At The Motley Fool, we poke plenty of fun at Wall Street analysts and their endless cycle of upgrades, downgrades, and "initiating coverage at neutral." So you might think we'd be the last people to give virtual ink to such "news." And we would be -- if that were all we were doing.

But in "This Just In," we don't simply tell you what the analysts said. We'll also show you whether they know what they're talking about. To help, we've enlisted Motley Fool CAPS, our tool for rating stocks and analysts alike. With CAPS, we track the long-term performance of Wall Street's best and brightest -- and its worst and sorriest, too.

This stock goes to 11...
For years, the friendly analysts at Goldman Sachs (ahem) have preached the gospel of software-as-a-service (SaaS), while maintaining a firm agnosticism on the concept's pioneer. No longer. Goldman finally caved to the inevitable yesterday, picking the date of the biggest market crash in months as its time to enter the stock.

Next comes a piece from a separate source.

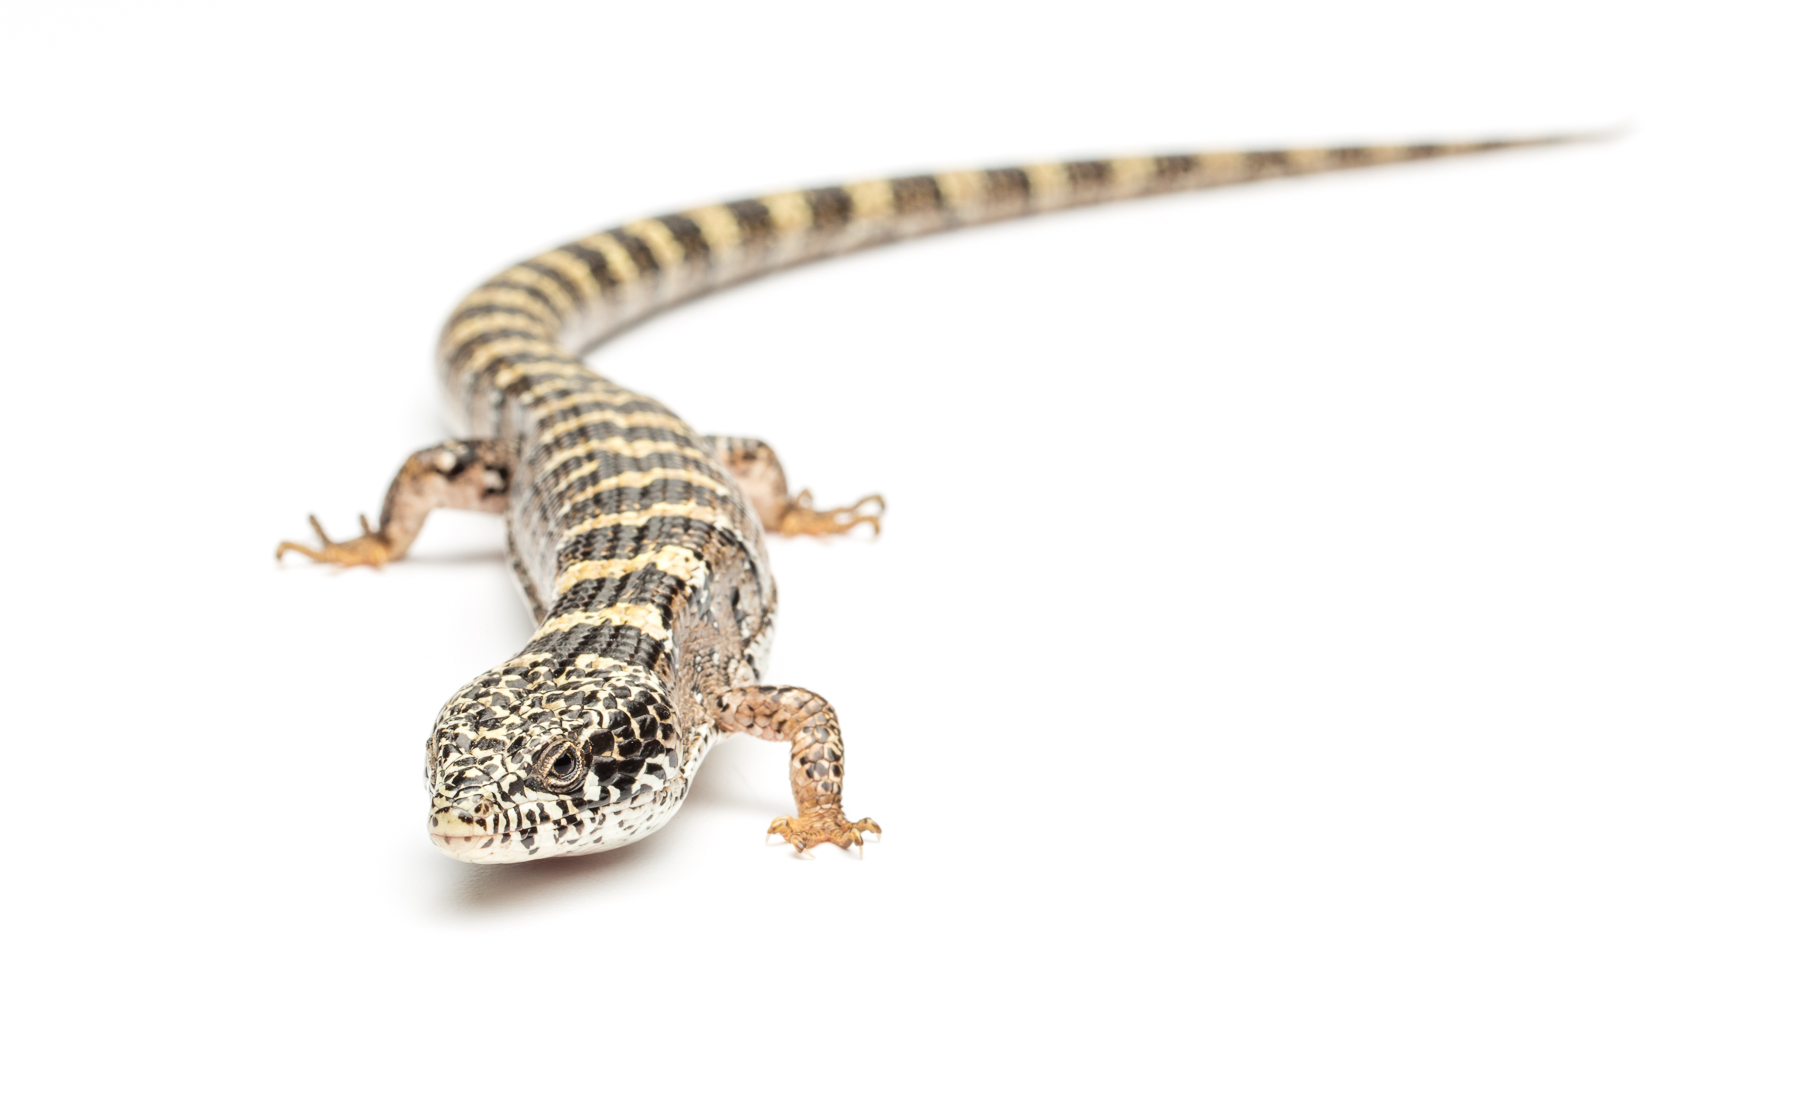 Adult male Madrean alligator lizard

Yes, Fools, it's true. Goldman has become a fan of salesforce.com (NYSE: CRM). Lamented Goldman: "We have held a bullish stance on SaaS, but have stayed to the sidelines on salesforce.com." That said, "the evolution of the company and the environment over the past 12 months has changed our view." According to the analyst, the CRM clouds are clearing, salesforce is making progress penetrating its customer base, and "competitive pressures" (presumably, from rivals such as Oracle (Nasdaq: ORCL), a key salesforce competitor) have faded.

Goldman predicts we'll see upside to Street estimates when salesforce reports Q1 2011 earnings later this month. Specifically, Goldman expects pro forma profit of $1.28 per share this fiscal year, $1.65 in fiscal 2012, and $2.09 in fiscal 2013. But is the analyst right?

Let's go to the tape
Maybe not. For all that it's reputed to be the sharpest blade on Wall Street, Goldman's actual record doesn't always back up its rep. Within the Software sector, for example, our CAPS scorecard actually shows this megabanker making more wrong guesses than right scoring just 37% accuracy. Among its gems are:

Company

Goldman Said

CAPS Says

Goldman's Picks Beating (Lagging) S&P by

Autodesk (Nasdaq: ADSK)

Outperform

****

17 points

Oracle

Outperform

****

(4 points)

Adobe (Nasdaq: ADBE)

Outperform

***

(9 points)

And as long as we're on the subject of Goldman's special brilliance, take another look at those "pro forma" earnings estimates up above. You'll note that what they add up to, basically, is growth in the high 20s -- basically right in line with Street estimates. So I'm not quite sure why Goldman's thinking it's discovered some great new bit of wisdom about salesforce.

To the contrary, if you ask me, it looks like Goldman may be boarding this train a bit late. I mean, sure, from a qualitative point of view, Goldman's probably right about salesforce's top dog-status within the SaaS-sphere. Fool veteran Starrob recently dropped us a note calling the company "a formidable rival to Google (Nasdaq: GOOG) and Microsoft (Nasdaq: MSFT)" (on the Rule Breaker discussion boards, subscription required). So it sure does look like salesforce is weathering the competition just fine.

In fact, you could even argue that the competition has been co-opted. One of Goldman's favorite pro-salesforce arguments is that its alliance with VMware (NYSE: VMW) in the VMforce venture opens up Force.com and has thrust salesforce into the lead in "Gen 2 of SaaS." And VMforce, as you know, is "the first enterprise cloud for Java developers" -- Java now being an Oracle product.

Then again, it's not the quality of Goldman's industry analysis that worries me here. It's the lack of logic inherent in its math. Consider: salesforce stock trades for 135-times last year's earnings. Even for a 30% grower, which Goldman now agrees salesforce will become, that seems a mite pricey. Why, even if you judge salesforce by the more forgiving yardstick of free cash flow, the $217 million the firm generated in 2009 is only enough to bring its price-to-free cash flow ratio down to about 50 -- still a pretty penny.

Foolish takeaway
Listen, Fools. I don't hate salesforce. To the contrary, I've argued in the stock's favor plenty of times -- when the price was right. Problem is, after doubling in price over the last 12 months or so, I don't believe salesforce still offers investors the bargain that it once did. Not at this price.